Author | : Christian Zlolniski |
Publisher | : Univ of California Press |
Total Pages | : 264 |
Release | : 2006-02-07 |
Genre | : Social Science |
ISBN | : 0520939174 |
Download Janitors, Street Vendors, and Activists Book in PDF, ePub and Kindle
This highly accessible, engagingly written book exposes the underbelly of California’s Silicon Valley, the most successful high-technology region in the world, in a vivid ethnographic study of Mexican immigrants employed in Silicon Valley’s low-wage jobs. Christian Zlolniski’s on-the-ground investigation demonstrates how global forces have incorporated these workers as an integral part of the economy through subcontracting and other flexible labor practices and explores how these labor practices have in turn affected working conditions and workers’ daily lives. In Zlolniski’s analysis, these immigrants do not emerge merely as victims of a harsh economy; despite the obstacles they face, they are transforming labor and community politics, infusing new blood into labor unions, and challenging exclusionary notions of civic and political membership. This richly textured and complex portrait of one community opens a window onto the future of Mexican and other Latino immigrants in the new U.S. economy.

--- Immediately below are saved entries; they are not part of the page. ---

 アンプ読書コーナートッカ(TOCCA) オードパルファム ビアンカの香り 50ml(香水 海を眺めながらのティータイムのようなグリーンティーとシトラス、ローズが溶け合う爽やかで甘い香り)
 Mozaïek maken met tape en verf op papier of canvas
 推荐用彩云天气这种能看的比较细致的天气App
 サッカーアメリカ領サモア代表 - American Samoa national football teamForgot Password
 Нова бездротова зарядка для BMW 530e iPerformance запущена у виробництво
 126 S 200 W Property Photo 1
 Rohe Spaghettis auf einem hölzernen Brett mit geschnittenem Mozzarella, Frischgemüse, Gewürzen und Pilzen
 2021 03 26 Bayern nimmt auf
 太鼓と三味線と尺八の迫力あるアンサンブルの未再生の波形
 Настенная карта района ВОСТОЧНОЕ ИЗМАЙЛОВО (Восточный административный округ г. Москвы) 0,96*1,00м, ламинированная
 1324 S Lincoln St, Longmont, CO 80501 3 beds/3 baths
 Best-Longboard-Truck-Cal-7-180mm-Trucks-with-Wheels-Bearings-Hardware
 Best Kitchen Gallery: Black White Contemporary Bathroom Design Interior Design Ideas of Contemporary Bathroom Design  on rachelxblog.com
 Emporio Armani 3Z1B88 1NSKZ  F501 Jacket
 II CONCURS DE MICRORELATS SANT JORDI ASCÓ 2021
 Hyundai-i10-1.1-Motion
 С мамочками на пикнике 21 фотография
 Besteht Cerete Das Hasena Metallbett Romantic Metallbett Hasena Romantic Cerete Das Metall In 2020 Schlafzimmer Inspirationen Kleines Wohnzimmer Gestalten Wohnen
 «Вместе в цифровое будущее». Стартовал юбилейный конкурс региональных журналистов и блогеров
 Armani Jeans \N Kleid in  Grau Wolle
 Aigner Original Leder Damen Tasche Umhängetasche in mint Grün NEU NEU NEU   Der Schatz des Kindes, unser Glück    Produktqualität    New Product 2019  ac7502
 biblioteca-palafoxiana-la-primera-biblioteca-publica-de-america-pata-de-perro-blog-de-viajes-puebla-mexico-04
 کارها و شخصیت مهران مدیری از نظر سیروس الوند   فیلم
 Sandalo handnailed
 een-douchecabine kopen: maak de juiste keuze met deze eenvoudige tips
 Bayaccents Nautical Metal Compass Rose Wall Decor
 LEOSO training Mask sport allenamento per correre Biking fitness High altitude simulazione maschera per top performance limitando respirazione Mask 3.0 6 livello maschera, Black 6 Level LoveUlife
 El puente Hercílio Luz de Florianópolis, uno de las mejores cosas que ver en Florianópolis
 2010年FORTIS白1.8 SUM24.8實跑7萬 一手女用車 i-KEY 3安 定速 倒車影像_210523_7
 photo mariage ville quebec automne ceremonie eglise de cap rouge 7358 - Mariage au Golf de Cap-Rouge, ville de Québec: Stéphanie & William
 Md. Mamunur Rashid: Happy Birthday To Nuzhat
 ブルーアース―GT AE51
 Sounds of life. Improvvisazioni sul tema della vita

Author | : Percy Bysshe Shelley |
Publisher | : Good Press |
Total Pages | : 64 |
Release | : 2023-07-10 |
Genre | : Poetry |
ISBN | : |
Download The sensitive plant Book in PDF, ePub and Kindle
"The sensitive plant" by Percy Bysshe Shelley. Published by Good Press. Good Press publishes a wide range of titles that encompasses every genre. From well-known classics & literary fiction and non-fiction to forgotten−or yet undiscovered gems−of world literature, we issue the books that need to be read. Each Good Press edition has been meticulously edited and formatted to boost readability for all e-readers and devices. Our goal is to produce eBooks that are user-friendly and accessible to everyone in a high-quality digital format.